Я, ничего не понимая, взглянул на свои знаменитые «Сейко» с подсветкой в корпусе из цельного выдолбленного рубина и ремешком из кожи молодого кот-д-ивуарийца. – Но вы должны были доставить его ко вчерашнему обеду, а сейчас уже шесть ante meridiem. Ваш «пилов» безнадежно остыл. Вы полагаете, я стану есть разогретое? Из какого аула вы, сударь?

- «Заветов Ильища», ище не пириименавали. Деник нет на новие таблищки.

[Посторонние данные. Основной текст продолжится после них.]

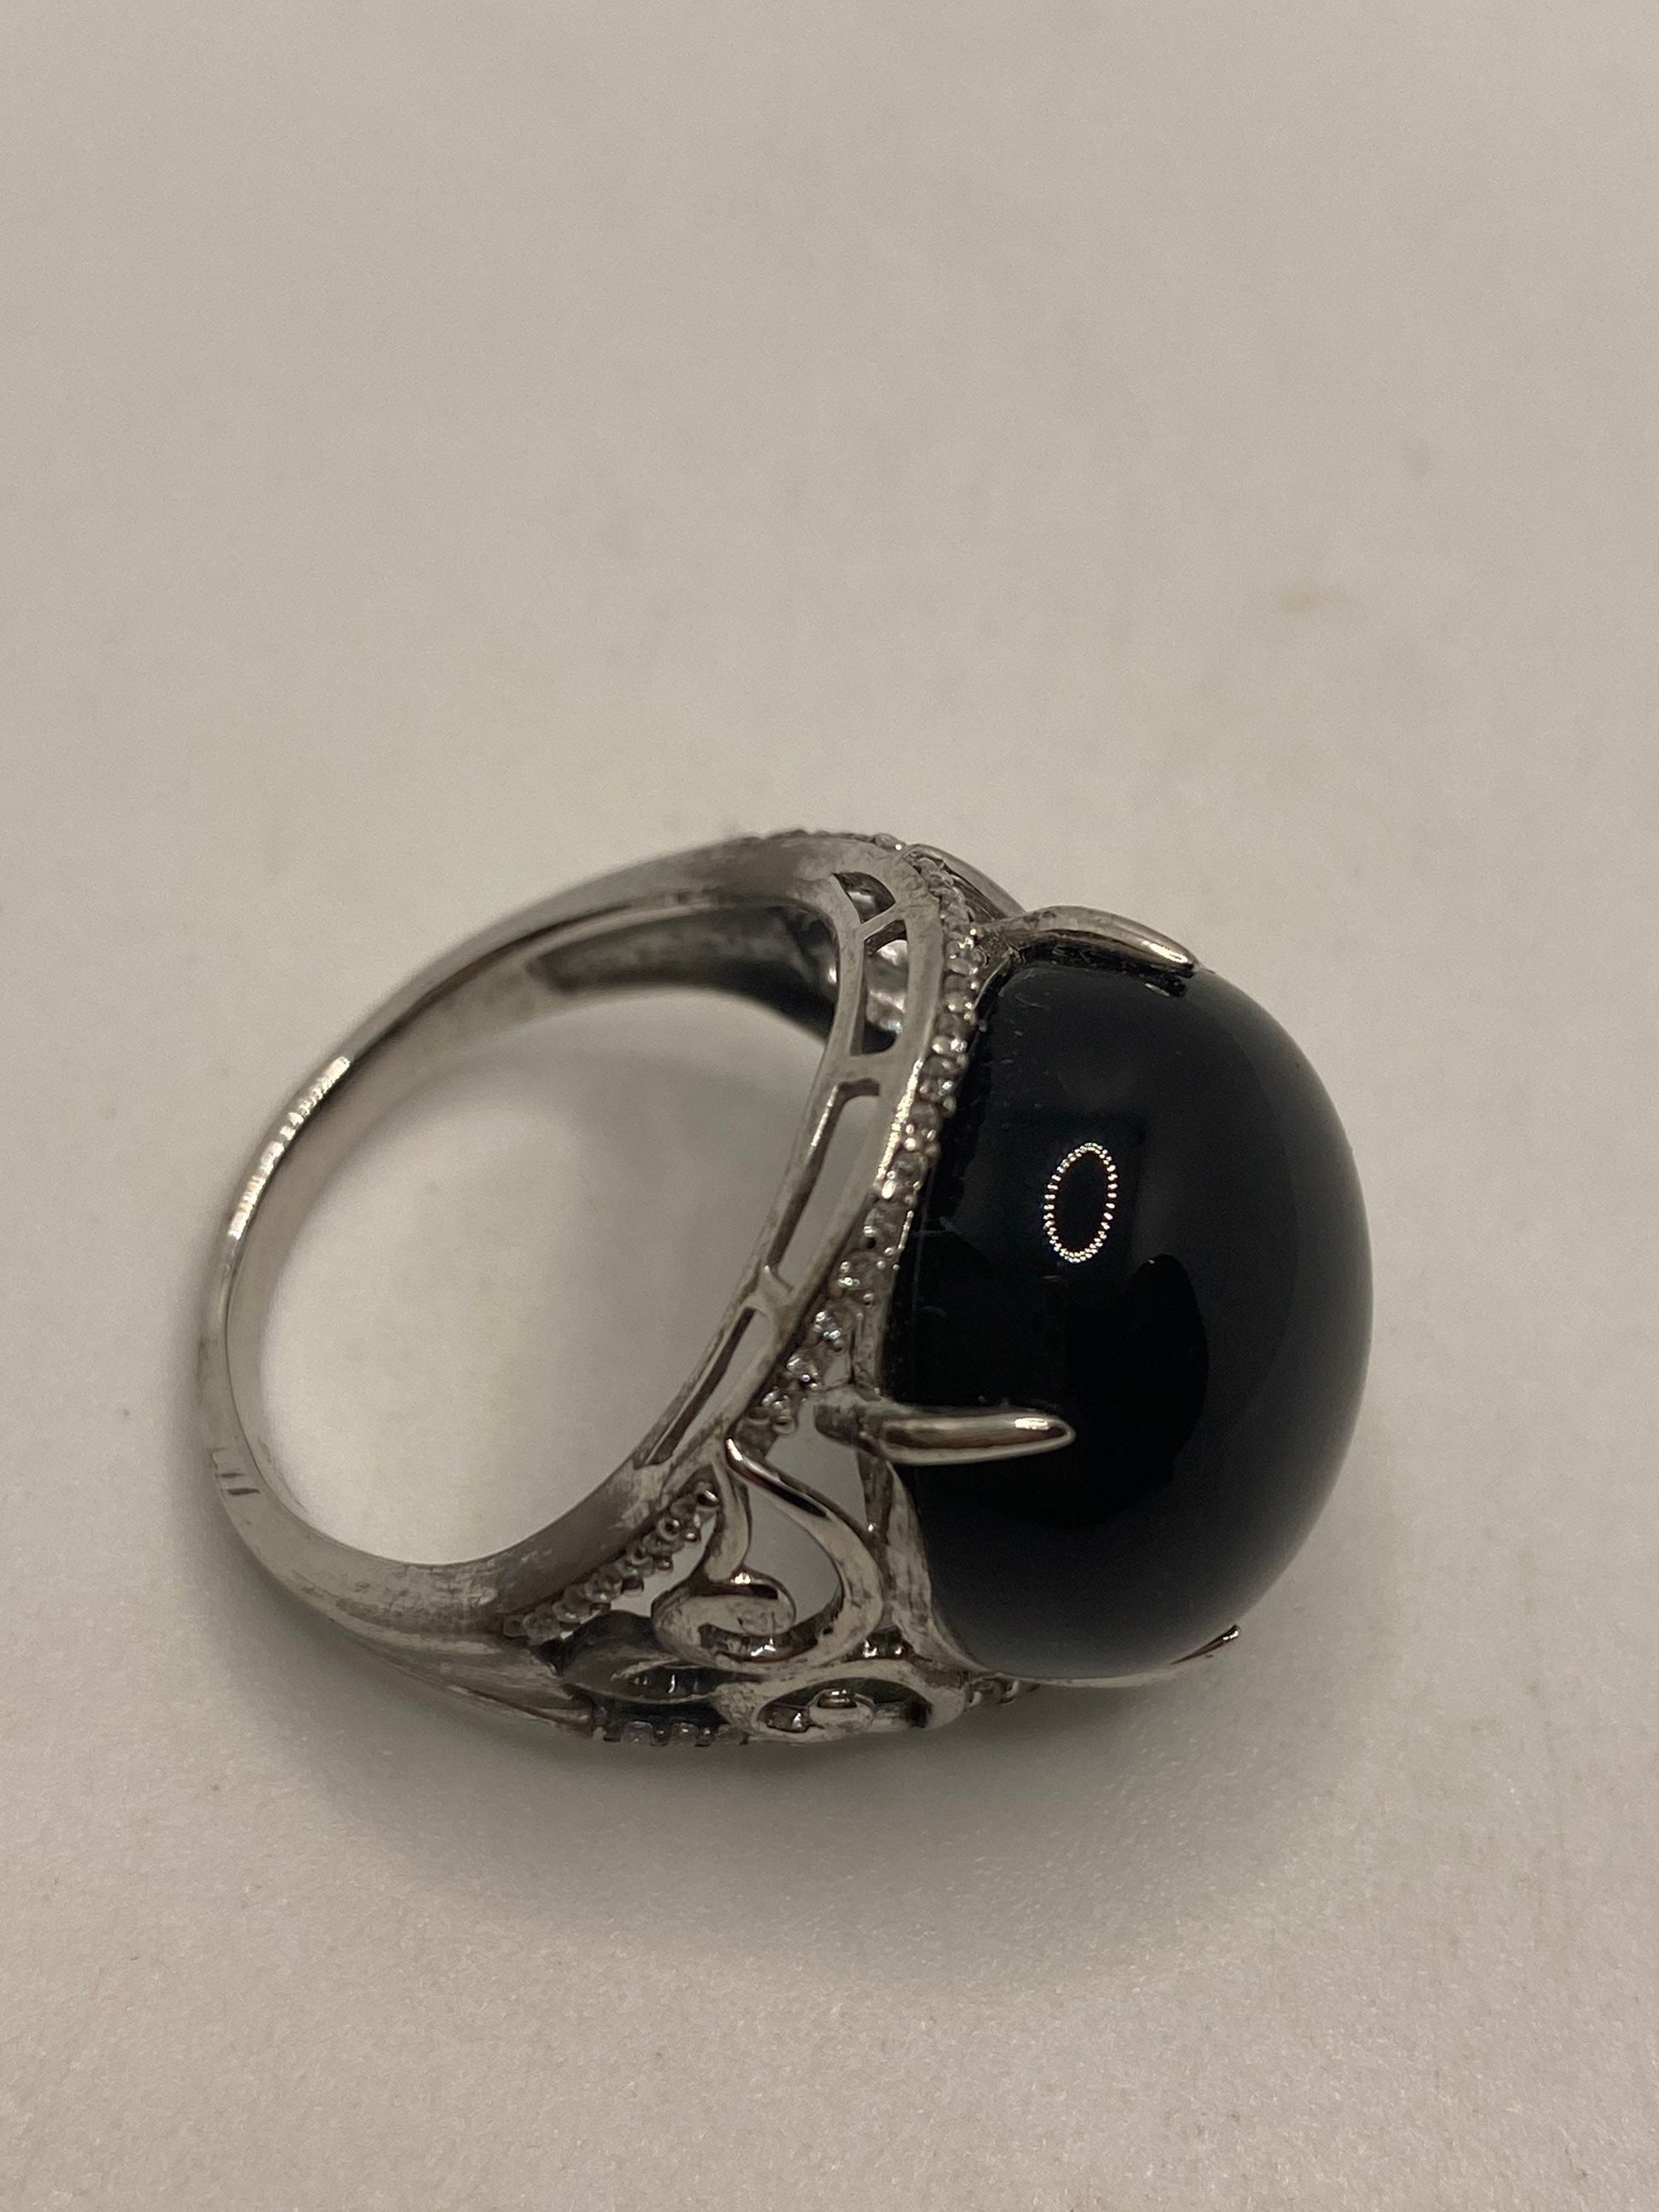 Vintage Black Onyx Ring 925 Sterling Silver

- Если бы это было еще на оливковом масле, но хлопковое, сударь… Прошли почти сутки, вы представляете масштаб катастрофы? Оно и горло не пролезет без вина, а все вино выдули эти негодяи. Нет, я решительно отказываюсь оплачивать заказ. Подите вон, меня тут казнят.

- Ээ, бират, извини, так вищло. На виласипеде тарапился, а там каляска эта праклятая. Пащему у вас инвалиды дома ни сидят? Менты-щменты пириехали, абяснительная писаль, опоздал шють-шють. Ни атминяй заказ, па-брацки, миня пиремии лишат.

Я опомнился.

- Извини, брат, погорячился. А открой-ка ты, мне, брат, засов. Он с той стороны.

- Щито аткрить?

- Да засов же!

- Щьто эта?

- Эмм, ну, исполинский шпингалет.

- Бират, легьще не стала.

- Черт, да эту же хрень, которую надо вбок отодвигать, чтобы дверь открылась!

- А, джюмбуляк. Так би сразю и сказаль. Ти мине пять звездощщек в пириложении паставишь, па-брацки?

- А? А, да, поставлю, конечно, - я не стал вдаваться в подробность, что телефон отняли.

Загремел засов, и дверь распахнулась. На меня таращился смуглый паренек с огромной желтой сумкой за спиной.

- Ты кого-нибудь повстречал  в гостинице до того, как постучался ко мне? – тихо спросил я.

- Пять щилавек, все сипят. Бухие.

Я тенью выскользнул в коридор и сразу понял, что молоденькое анжуйское в русских количествах оказало неизбежное действие: отовсюду доносился богатырский храп. Я собирался тут же забрать бриллиантин из комнаты и бежать к Кате, но меня остановил курьер.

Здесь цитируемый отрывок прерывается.